The 4,000-strong ICSA was not represented on the special committee which has reported to Mr Ó Cuív and it has pledged to tackle other farming issues with the McSharry case including better entitlements for commonage farmers in the West who were forced to take sheep off commonage in 1998.

The Irish Farmers' Association's deputy president, Mr Ruaidhrí Deasy, said at the weekend that farmers must have the right to refuse entry of recreational users to the countryside and access people want should be with the farmers permission.

He said Mr Ó Cuív should show good faith in dealing with the problems that have arisen in some areas by a proactive approach through the introduction of a scheme similar to the one that previously applied under the REPS scheme.

"Farmers can be encouraged to open up their land provided that an incentive is put in place to ensure that walks can be maintained and an income," Mr Deasy said.

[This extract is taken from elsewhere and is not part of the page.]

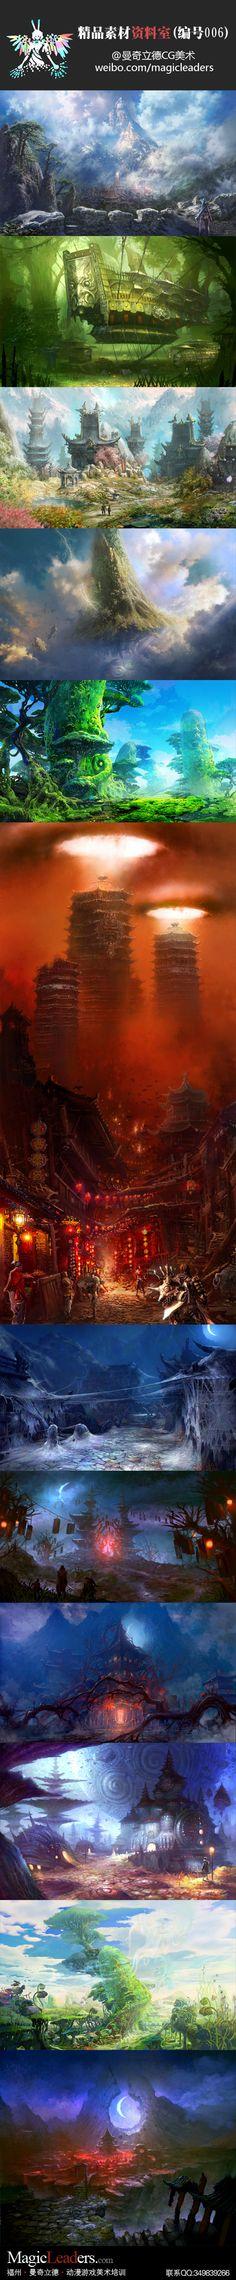 Click on image to enlarge....  【精品素材资料室(编号006)】剑灵最新场景设定赏析。
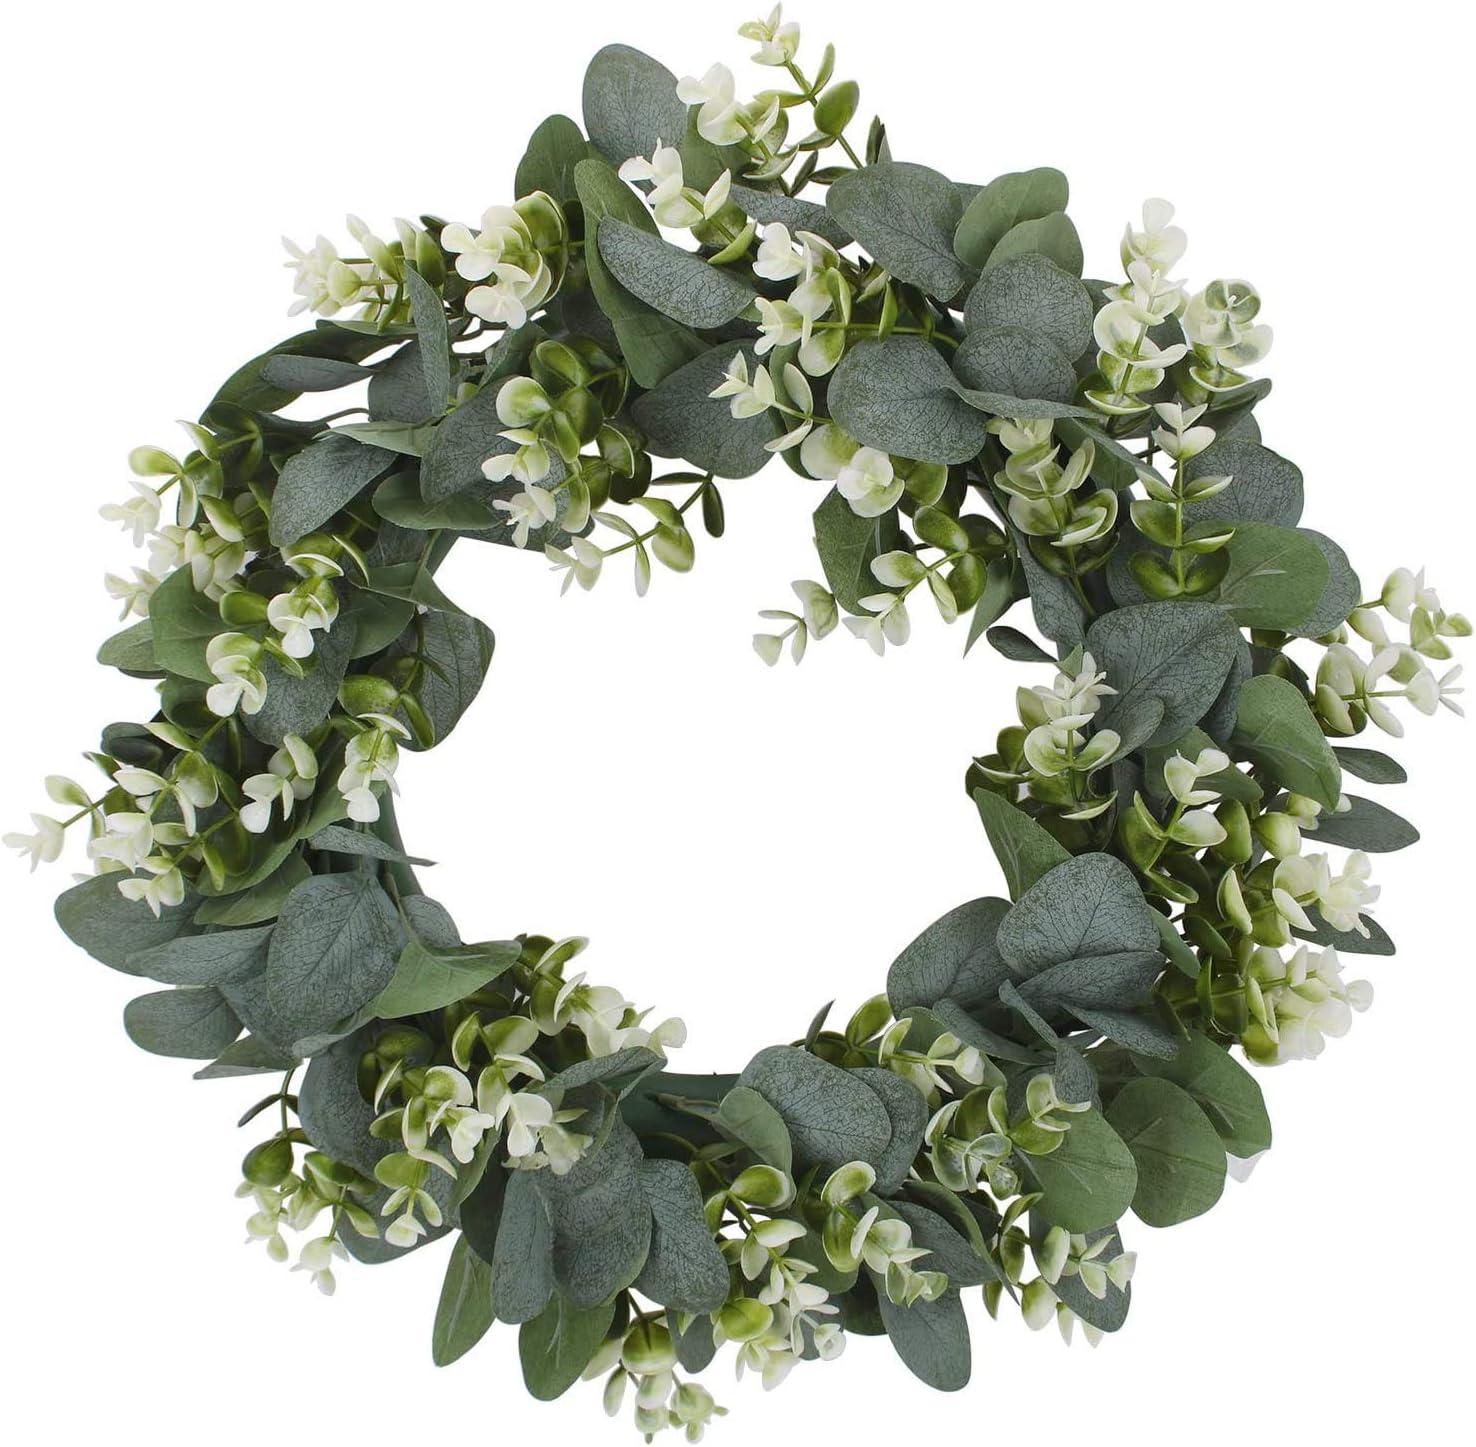 Artificial Popular Green Eucalyptus Chicago Mall Leaf Wreath W Greenery Spring Summer

But at the weekend the Minister, who said it was legally unclear whether farmers could ban people from their farms, was emphatic that the State was not prepared to pay farmers for allowing access "in a blanket way".

He seemed to leave open the possibility that farmers who had been receiving payments for access to their lands under the first Rural Environment Protection Scheme, and lost these payments in the second scheme, might benefit in other ways.

He warned farmers there was no "crock of gold" awaiting them from the walking fraternity. He said there was an onus on the walking organisations and the farmers to sit down and negotiate a settlement where access difficulties had arisen.

The Irish Creamery Milk Suppliers Association has called for immunity from accident claims from walkers who enter their land for recreational purposes.